The pressure on girls to take sexy selfies today comes out of a culture that routinely equates modesty with shame, instead of recognizing it for what it really is: an impulse that protects what is precious and intimate. Teenage girls need to know that when boys ask them for naked pictures, they can—and should—say no. It’s not merely that “sexted” pictures can find their way onto social media (even without the aid of hackers, they seem to have a way of slipping their iPhone collars and circulating with astonishing ease). A better reason to say no is that, having set a higher standard, maybe someone will write a love song for you instead.

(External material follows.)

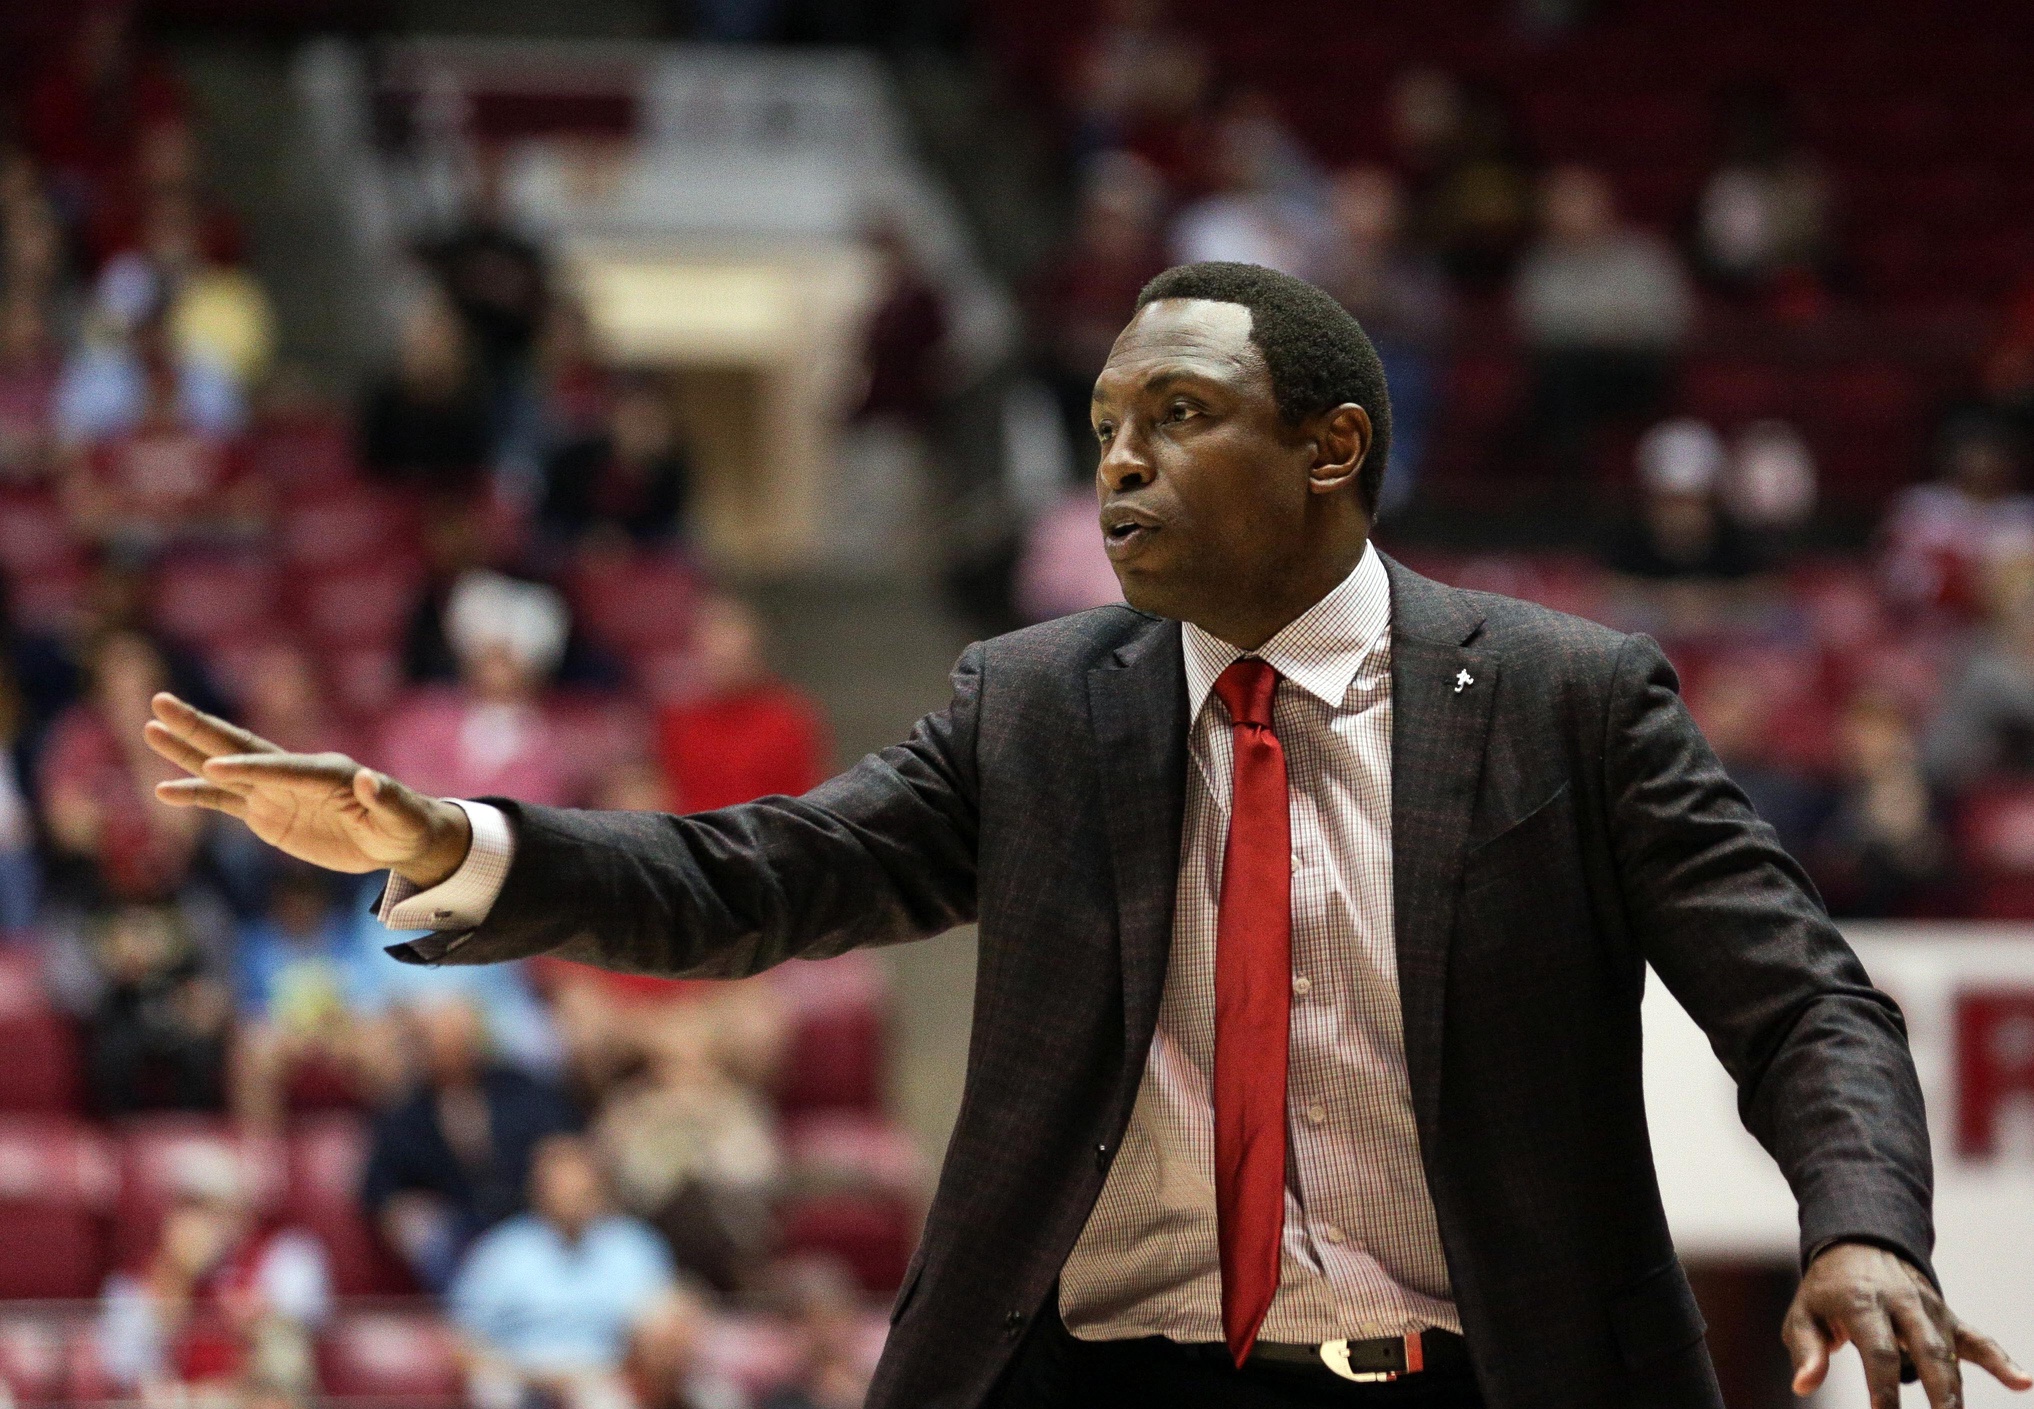 Mar 1, 2017; Tuscaloosa, AL, USA; Alabama Crimson Tide head coach Avery Johnson during the game against Mississippi Rebels at Coleman Coliseum. The Tide defeated the Rebels 70-55. Mandatory Credit: Marvin Gentry-USA TODAY Sports

And if he doesn’t, who cares? Modesty is, at its essence, having an internal sense of self, not needing others’ approval of how you look (naked or otherwise) to know that you have a unique purpose in this world, and certainly not needing all your friends to “like” your Facebook post in order to know that you’re great….
And yet, social media is filled with videos of parents scaring their toddlers or filming their tearful reactions when told that mommy ate all their Halloween candy. I seem to be nearly the only person who doesn’t find these videos funny, nor do I think that the appropriate reaction to a child’s tantrum is to film it and commiserate on Facebook about how hilarious it was. To me, these parents have fallen off a different cliff, albeit an imperceptible one; they’re breaking a private trust in order to feed the public’s appetite.
I can’t prove it, but I feel that the collapse of the public/private distinction has dialed down our capacity for empathy. Real empathy requires a private, intimate space, and of course, a time when you’re not on Facebook. Last Saturday, my 3-year-old daughter fell asleep in her Sabbath finery after a spirited trip to the park, and it was one of those perfect moments. I gazed at her sweet slumber on the couch, and I sighed to my husband, “The Shabbos photos you can’t take are always the best ones.” (As Jews who observe the restrictions of the Sabbath, we don’t take photos on this day.) Then I realized, maybe it’s not that Sabbath photos are better in any objective way, but since I couldn’t immediately reach for my phone and capture the picture, I had no alternative than to be in the moment and drink it all in: her little chest rising and falling, her fancy dress artfully decorated with grass stains and crumb cake. What was she dreaming about? I was able to notice things and really throw myself into the moment in a way I never would have, had I rushed for my camera as usual.
From a technical standpoint, the scene was mundane, but private, unmediated moments have a special quality. Let’s try to enjoy more of them.